# [ACTIVITY]
Apart from the pictures, print the data below exactly as given.

# [THE DATA]
= = =
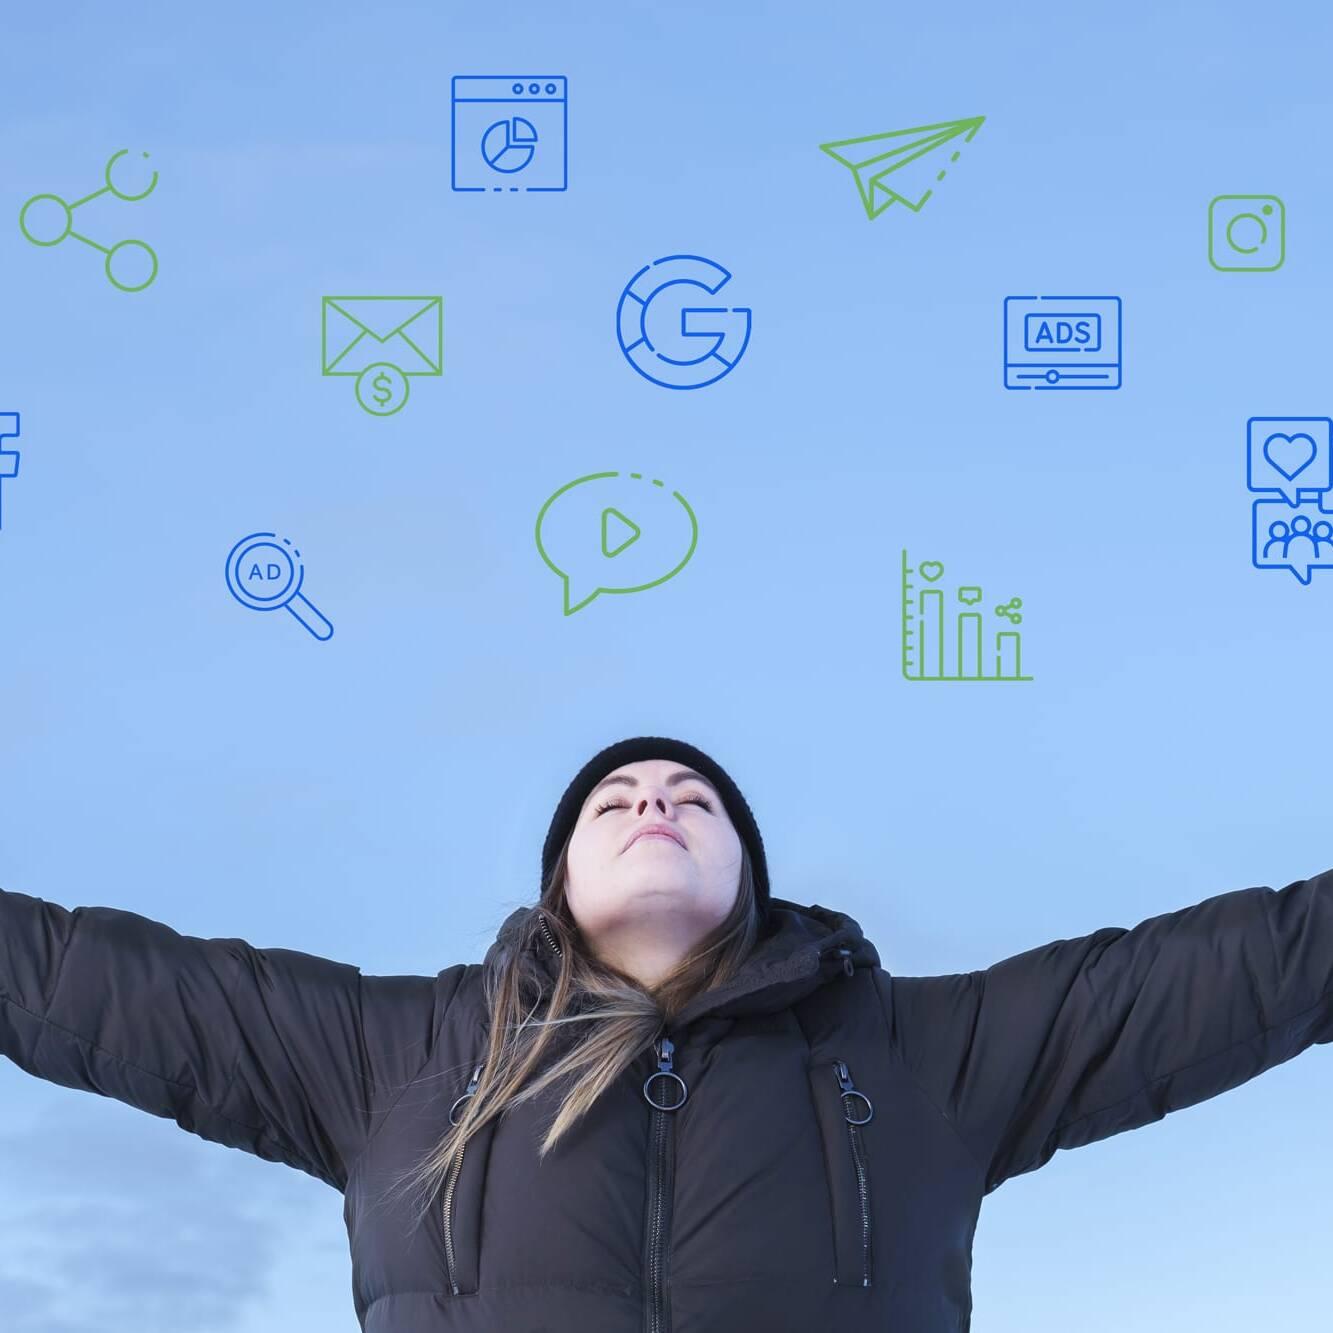 Digital markedsføring. Ren Røros Frontal
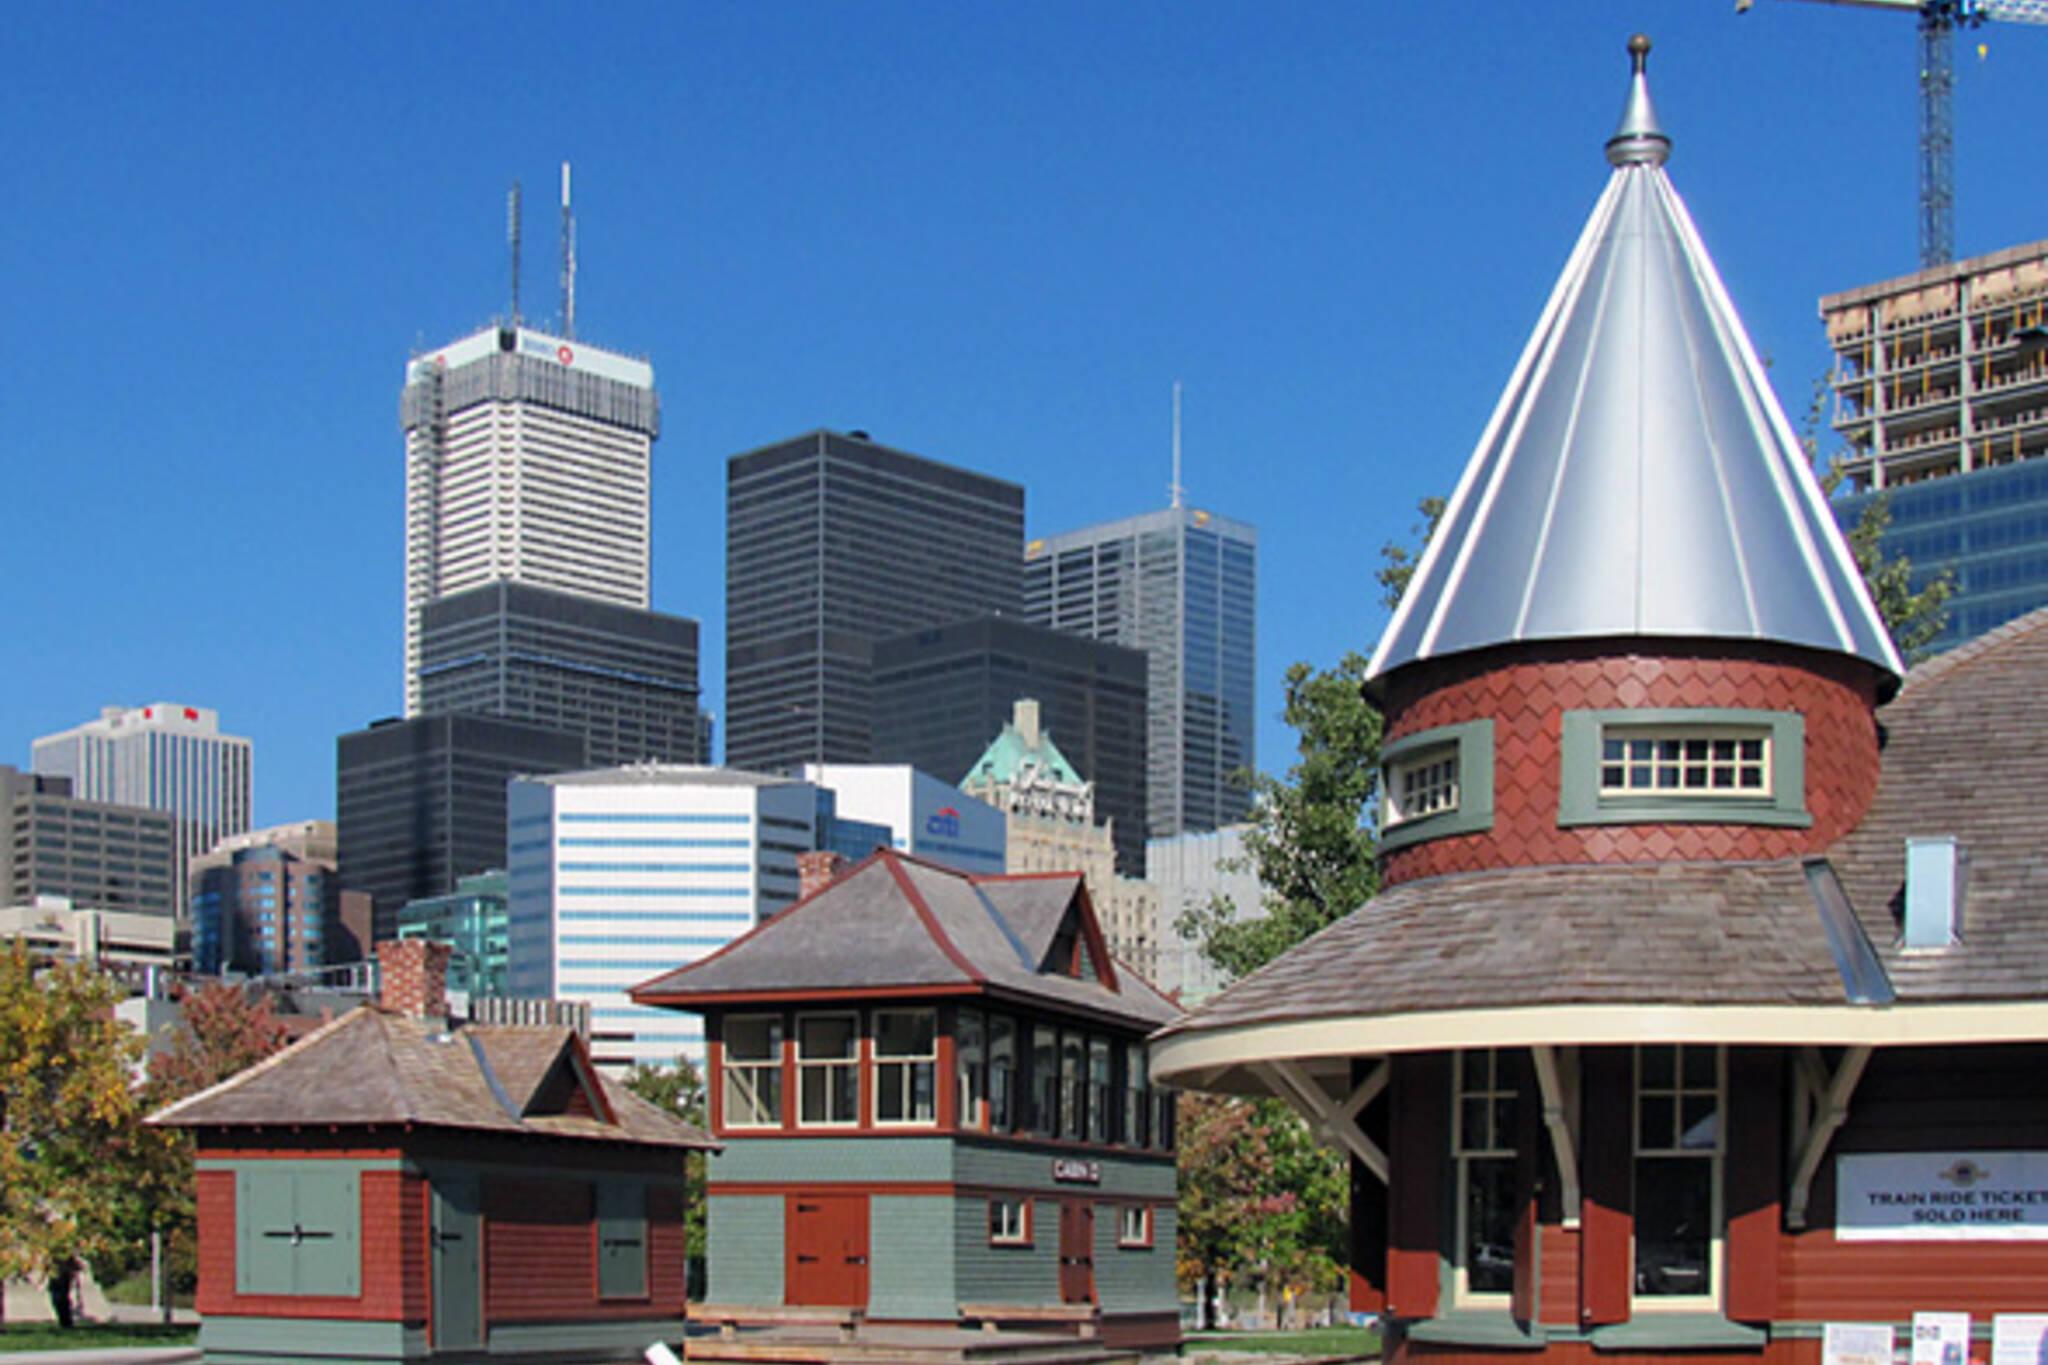 Toronto Roundhouse
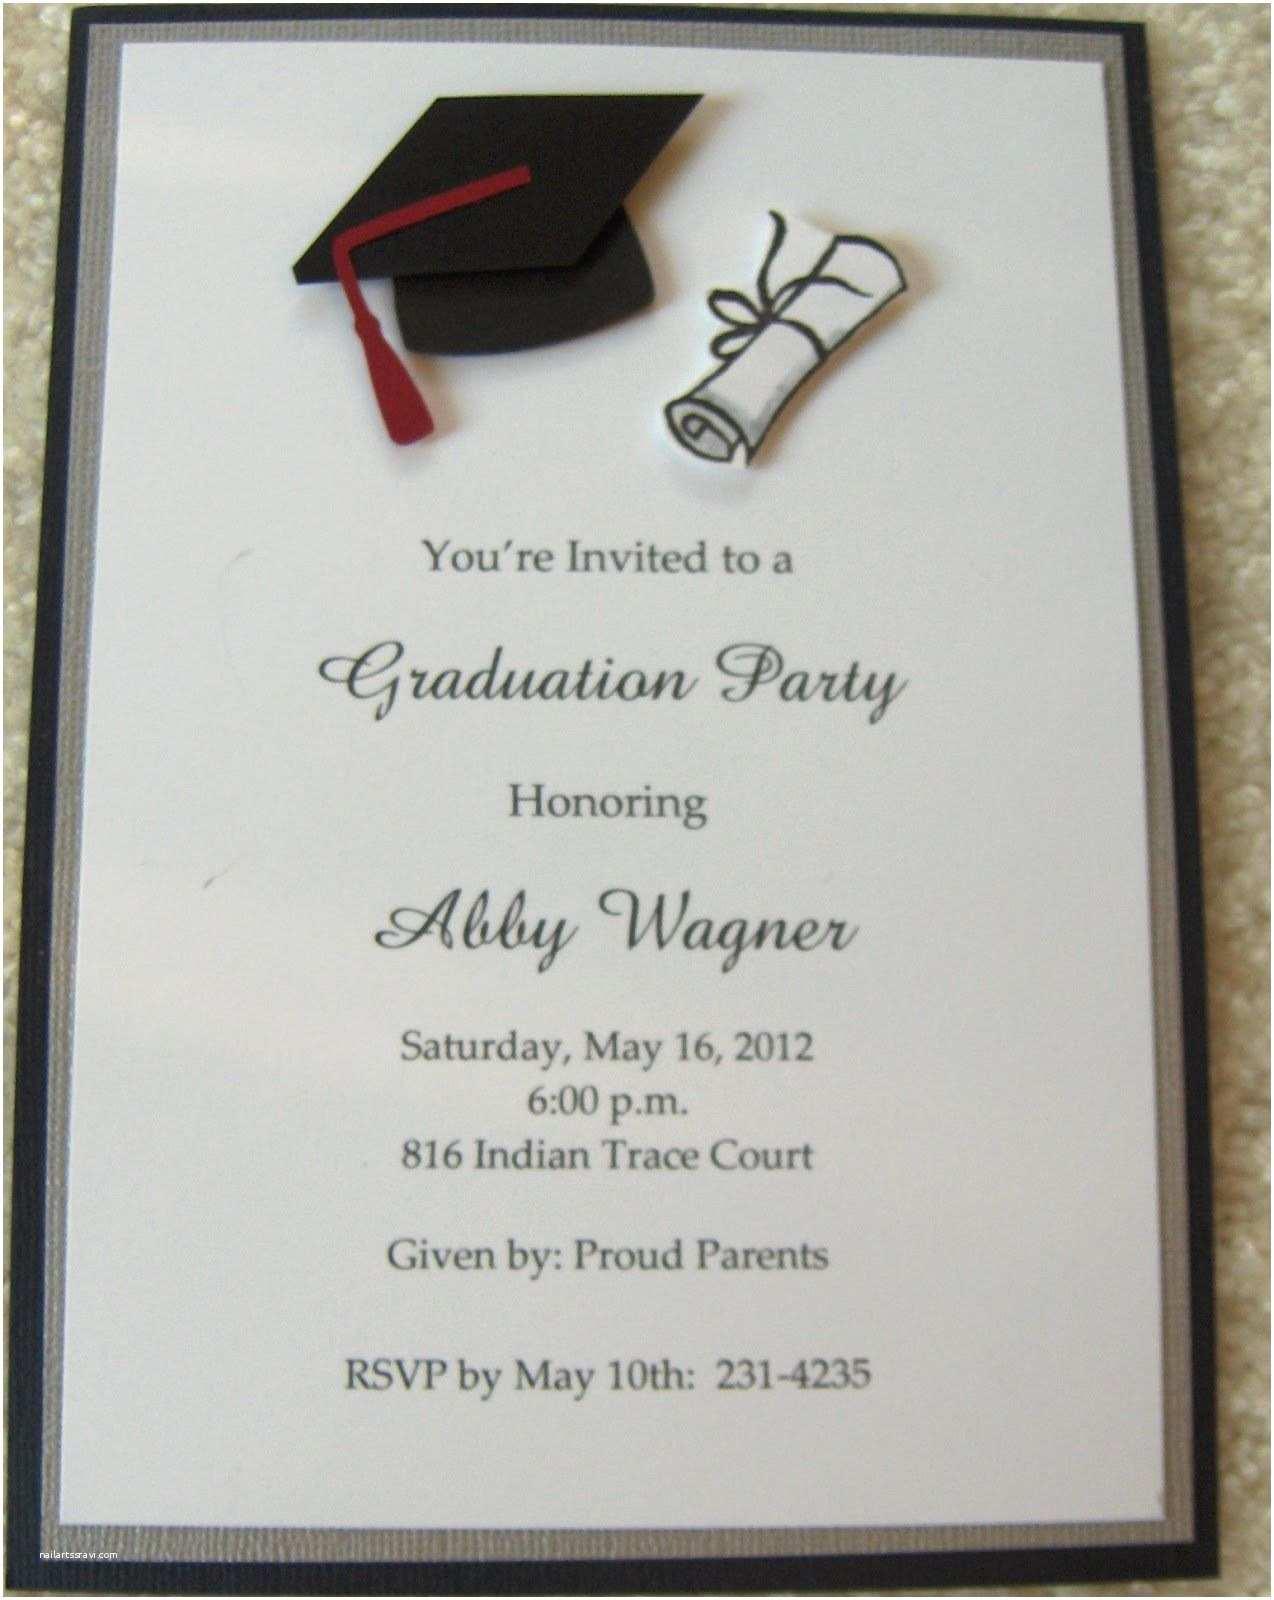 Graduation Party Invitations Ideas Graduation Invitations Google Search
= = =
# [SOLUTION FOR THIS EXERCISE]
 Digital markedsføring. Ren Røros Frontal
 Toronto Roundhouse
 Graduation Party Invitations Ideas Graduation Invitations Google Search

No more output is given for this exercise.